_Goal of the exercise_: Could you repeat the whole listing below exactly, omitting any picture it holds?

_Input data_:
* * * *

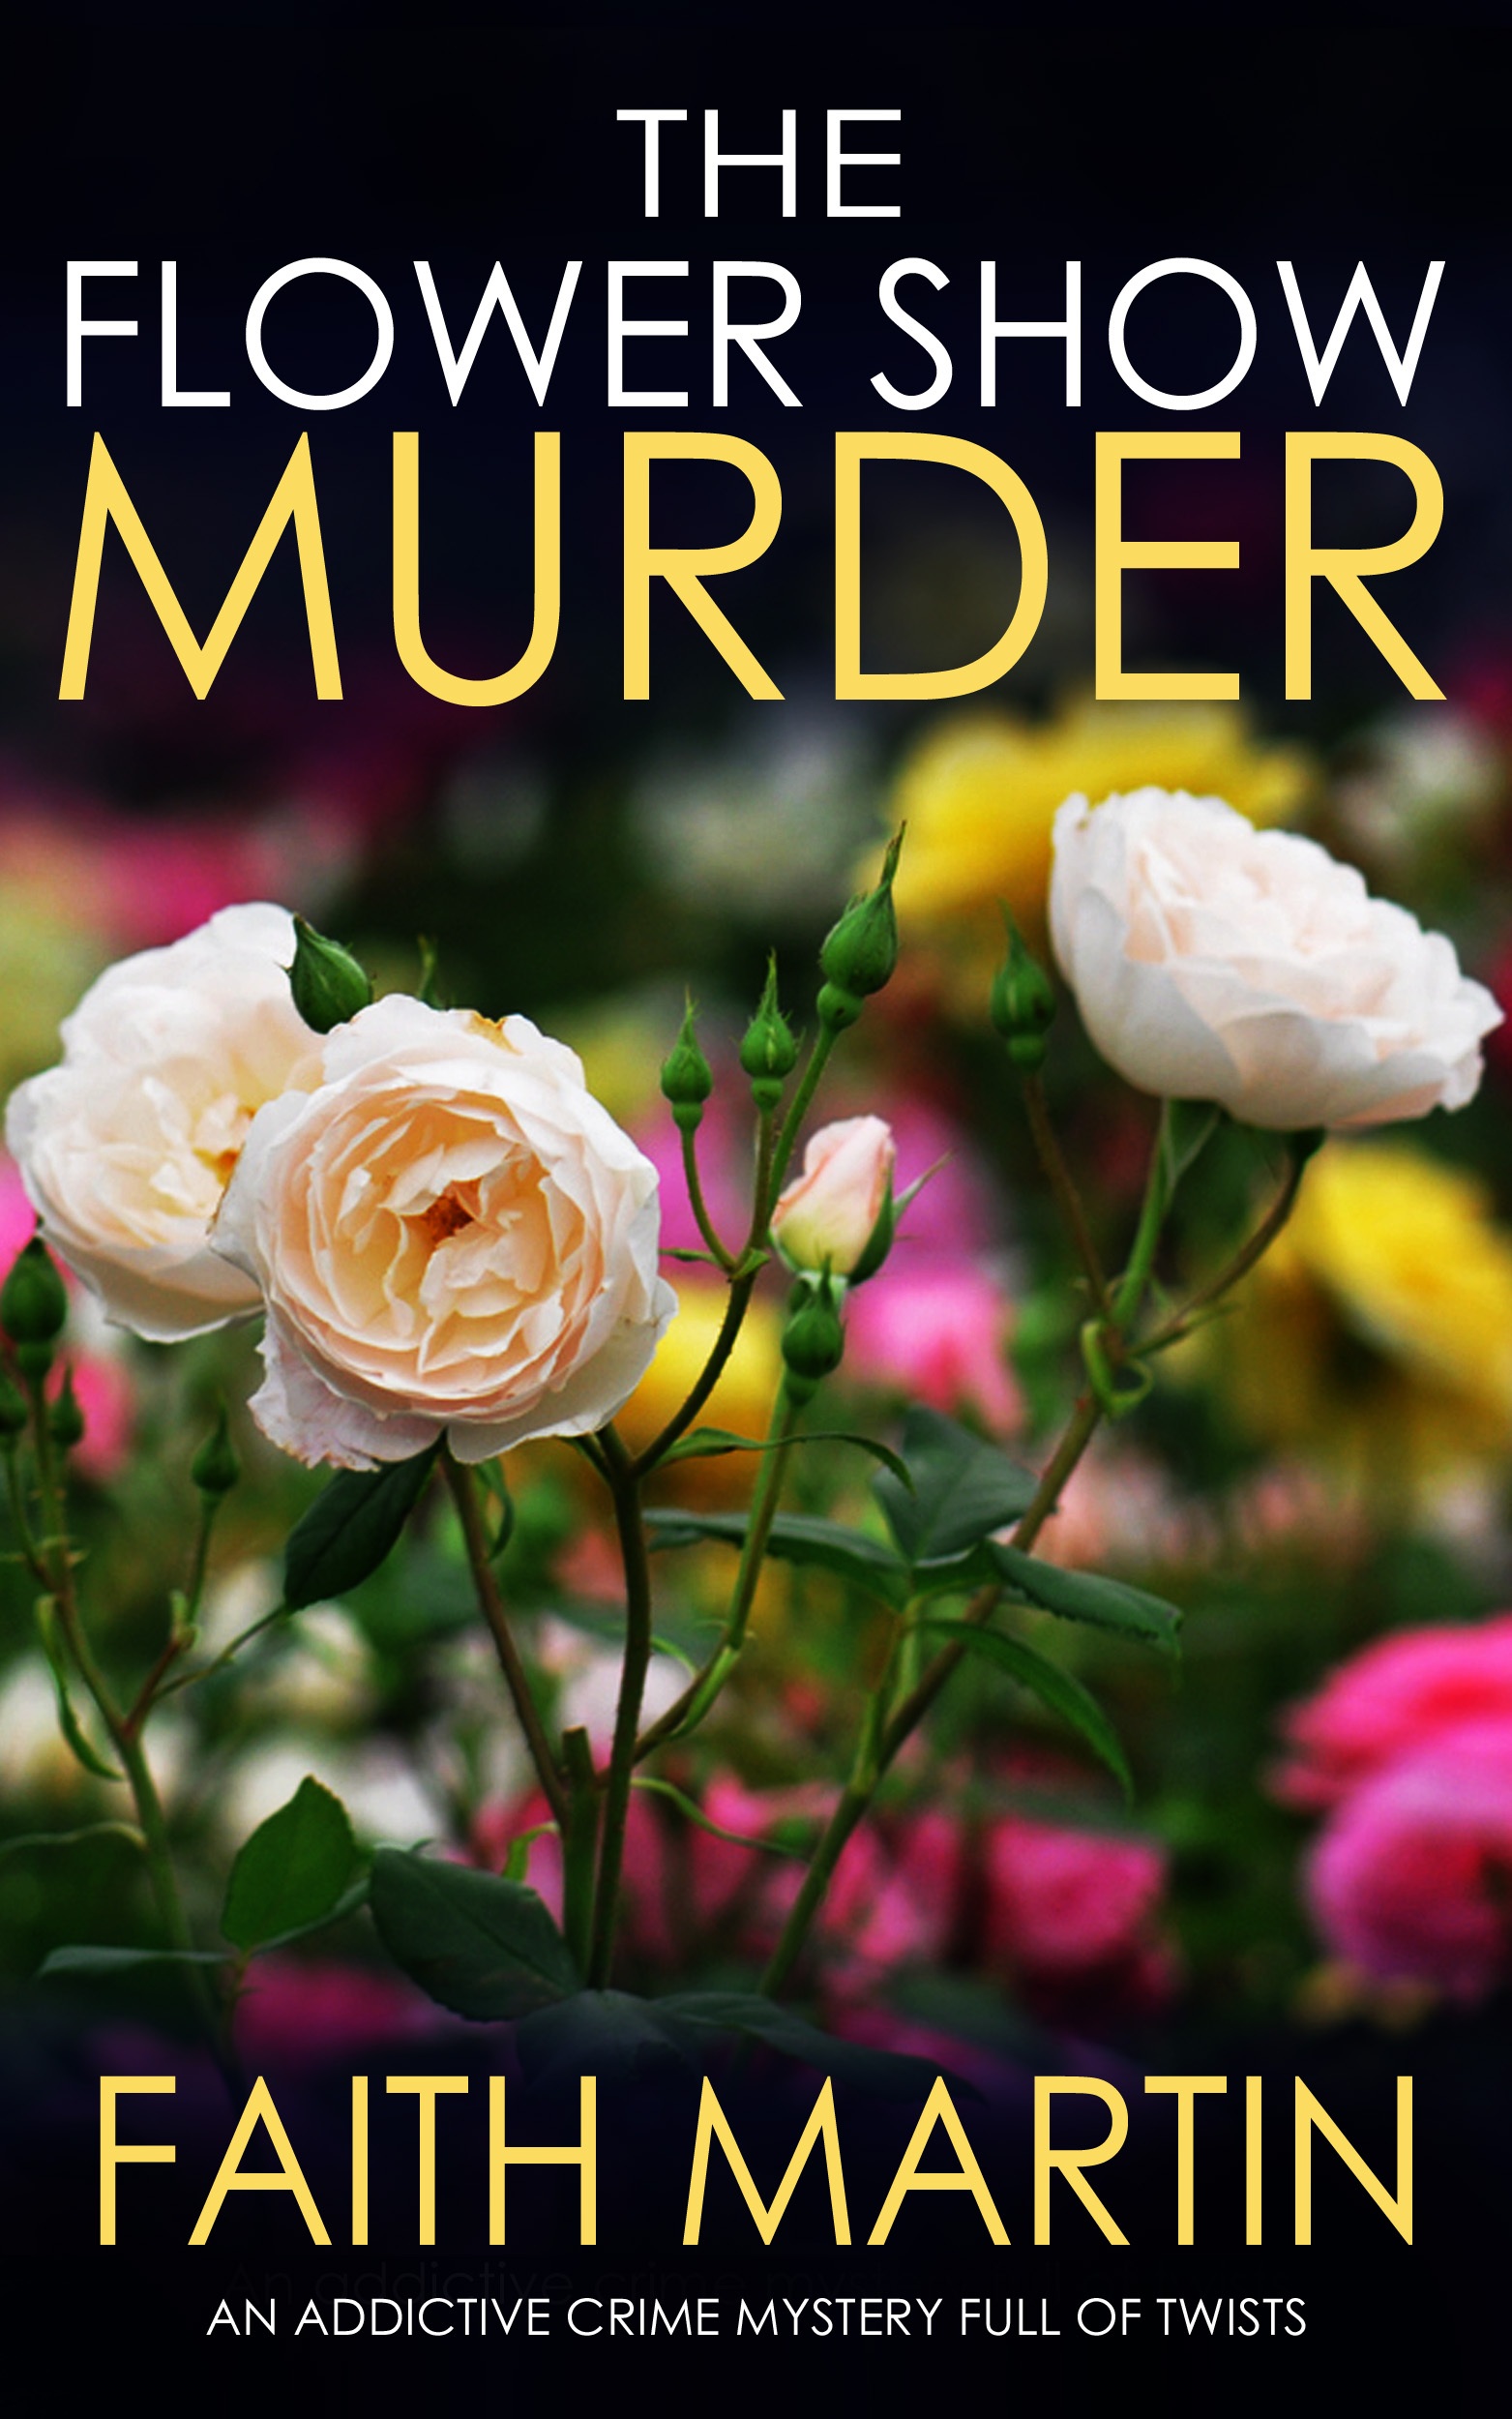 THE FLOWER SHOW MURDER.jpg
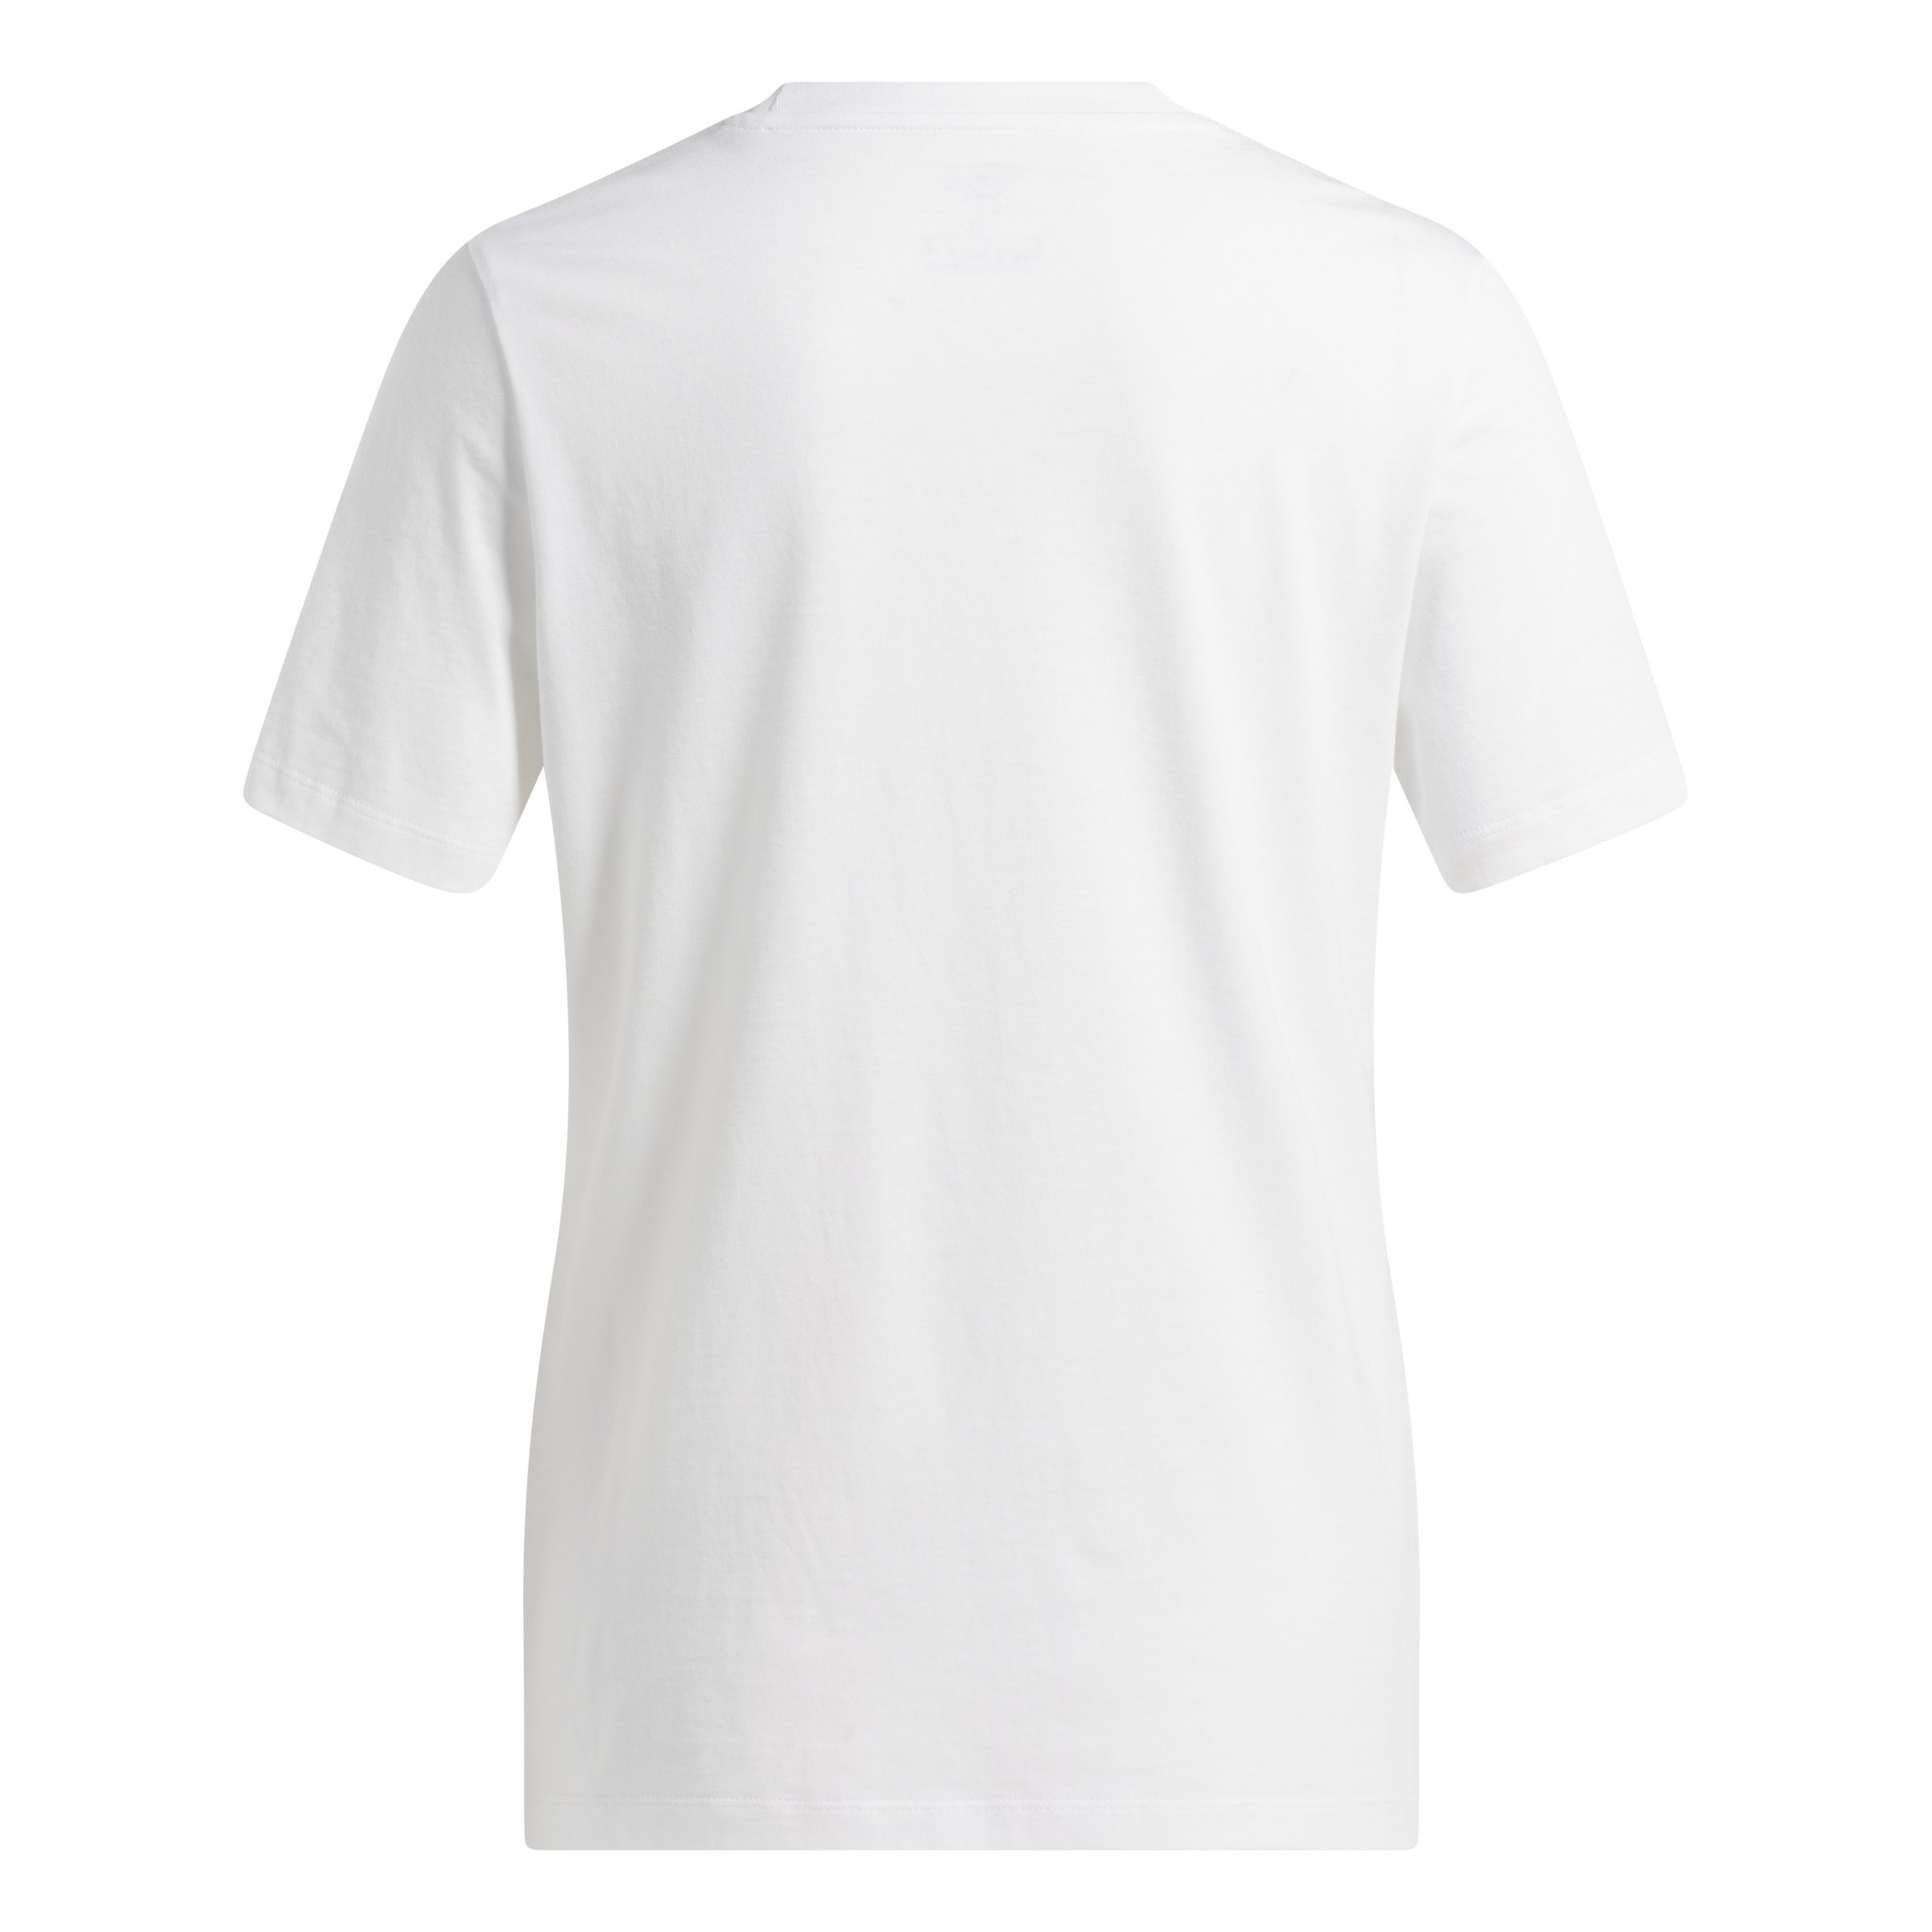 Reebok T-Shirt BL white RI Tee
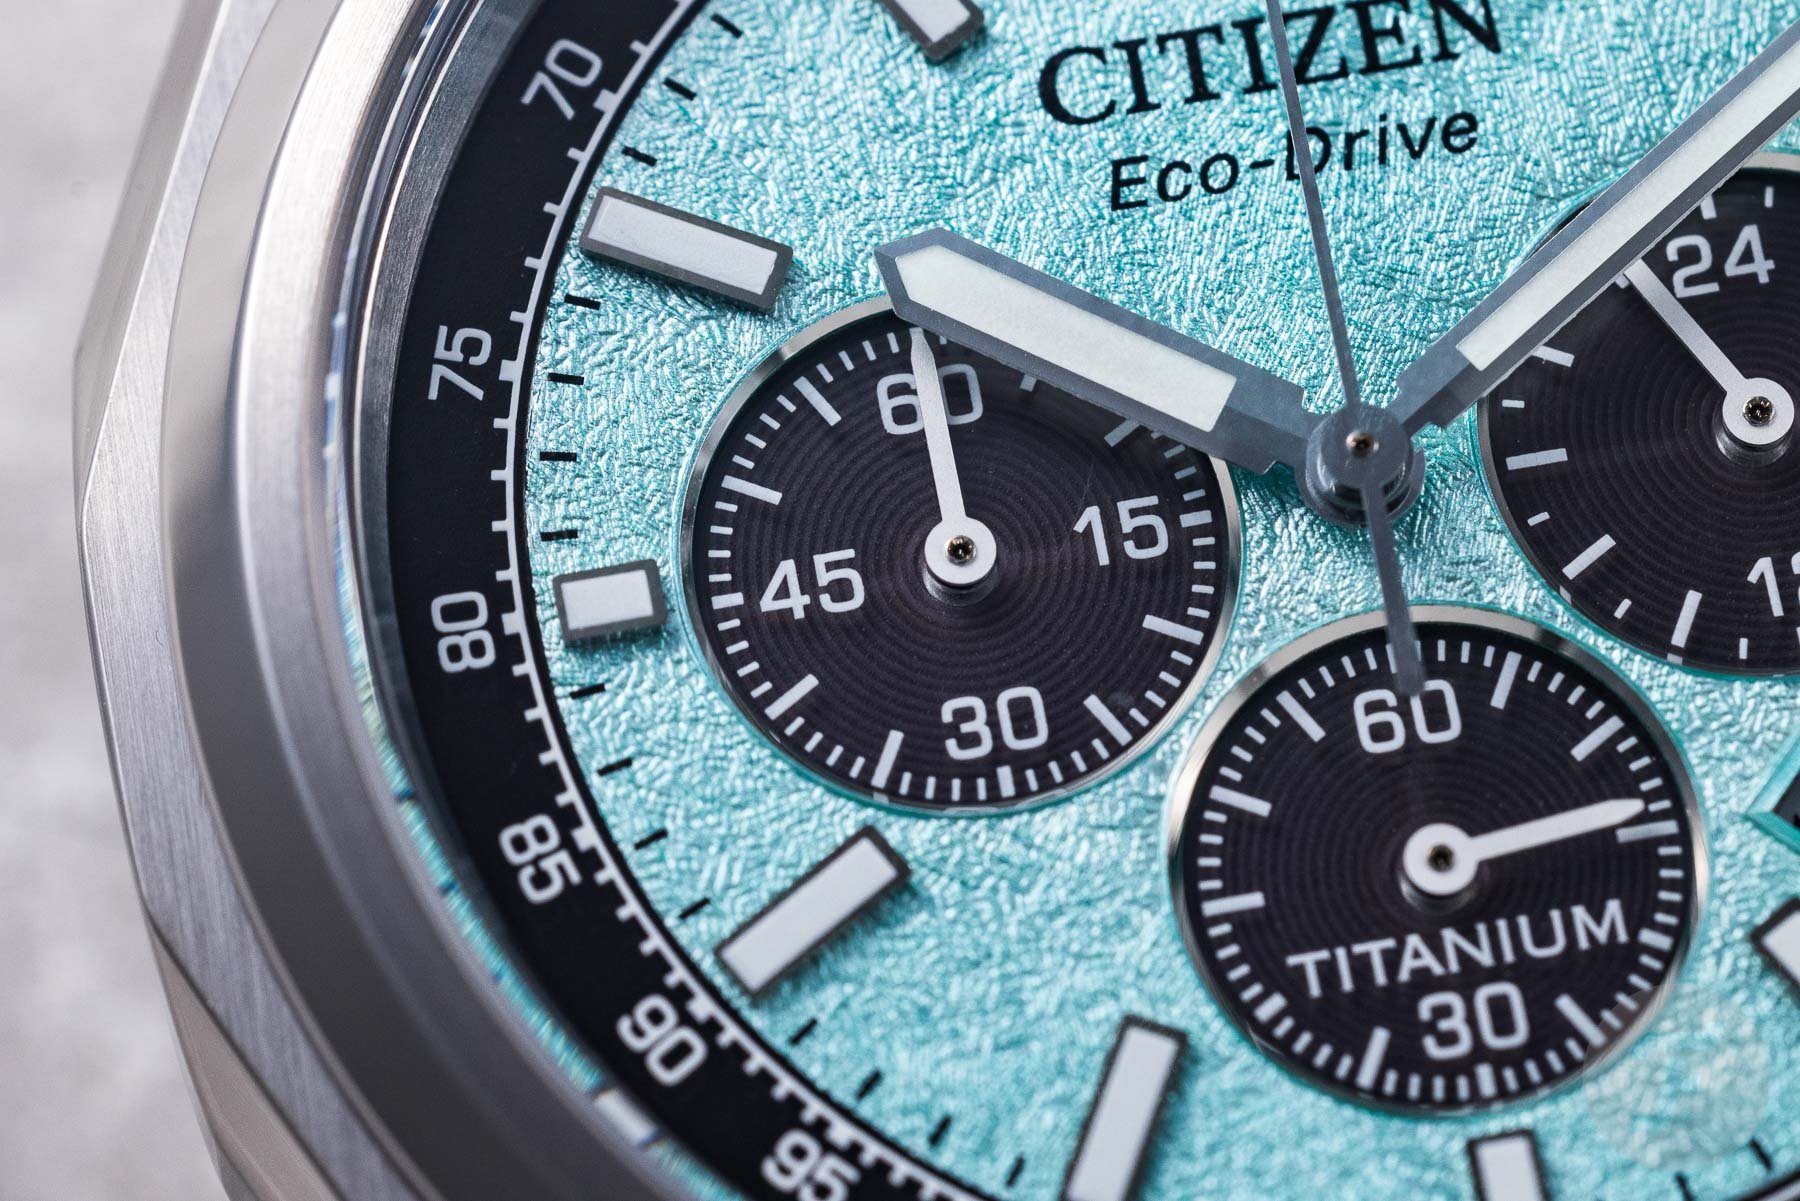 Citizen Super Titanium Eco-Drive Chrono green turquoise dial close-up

* * * *

_Answer to this exercise_:
 THE FLOWER SHOW MURDER.jpg
 Reebok T-Shirt BL white RI Tee
 Citizen Super Titanium Eco-Drive Chrono green turquoise dial close-up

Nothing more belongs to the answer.